Justin Longmuir (born 21 January 1981) is a former Australian rules footballer who is the current senior coach of the Fremantle Football Club in the Australian Football League. Longmuir played for Fremantle between 1999 and 2007.

Playing career

Fremantle Football Club
Longmuir was recruited by the Fremantle Football Club as the number 2 draft pick in the 1998 AFL Draft (from West Perth Football Club) and made his debut in Round 22, 1999, against Geelong at Shell Stadium. Longmuir played for Fremantle Football Club from 1999 until 2007, where he played a total of 139 games as a forward and ruckman, kicking 166 goals.

He played 21 of the 22 games in 2005 and led the club in hard ball gets and finished third in the club for contested marks and overall marks. The most memorable moment in 2005 was his after-the-siren goal to snatch victory over St Kilda in Round 21. He took a big pack mark, which prompted Nine commentator Eddie McGuire to shout "Longmuir's taken a screamer!". 

Longmuir showed plenty of composure under pressure and was considered dangerous when he was at his peak.

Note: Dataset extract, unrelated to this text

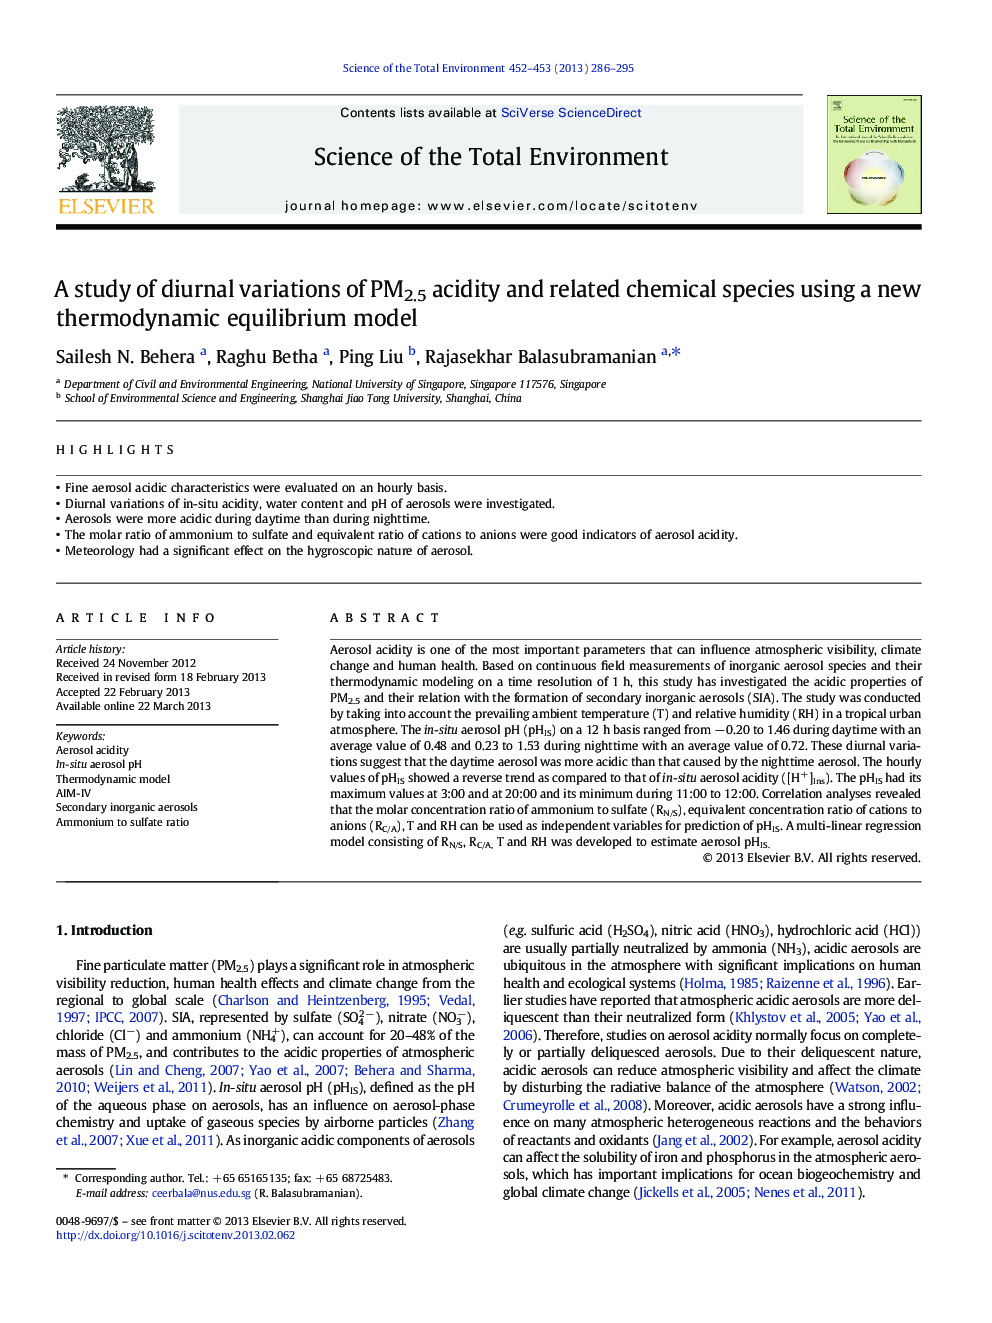 A study of diurnal variations of PM2.5 acidity and related chemical species using a new thermodynamic equilibrium model
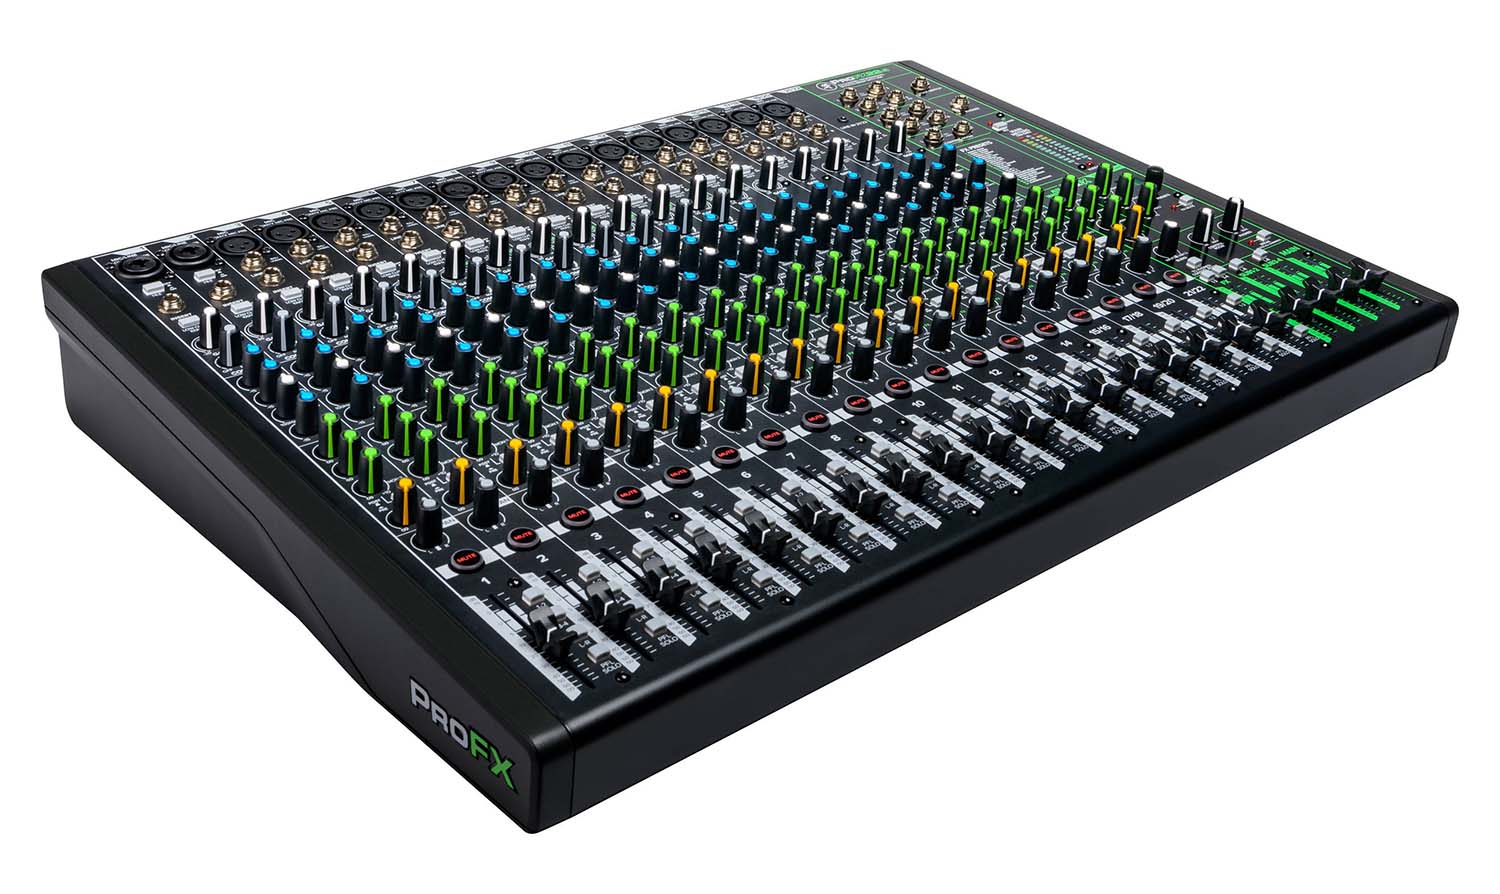 Mackie ProFX22v3, 22-Channel Professional Effects Mixer with USB - Hollywood DJ

Longmuir's career was put on hold as he battled a degenerative knee injury, and eventually conceded his retirement from AFL on 31 October 2007 due to the knee injury, which saw him play just 18 games in his last 2 years.

Coaching career

West Coast Eagles assistant coach 
Longmuir was appointed as an assistant coach in the role of development coach of the West Coast Eagles under senior coach John Worsfold at the end of the 2010 season. At the end of the 2011 season, Longmuir switched his assistant coaching position to the role of forward coach, replacing Peter Sumich, who switched to Longmuir's former club, Fremantle. Longmuir then spent seven years as an assistant coach at West Coast Eagles, including under senior coach Adam Simpson, who replaced Worsfold at the end of the 2013 season. Longmuir left the West Coast Eagles at the end of the 2017 season.

Collingwood Football Club assistant coach
At the end of the 2017 season, Longmuir was appointed as an assistant coach in the role of the defence coach at Collingwood under senior coach Nathan Buckley.

Fremantle Football Club senior coach (2019-present)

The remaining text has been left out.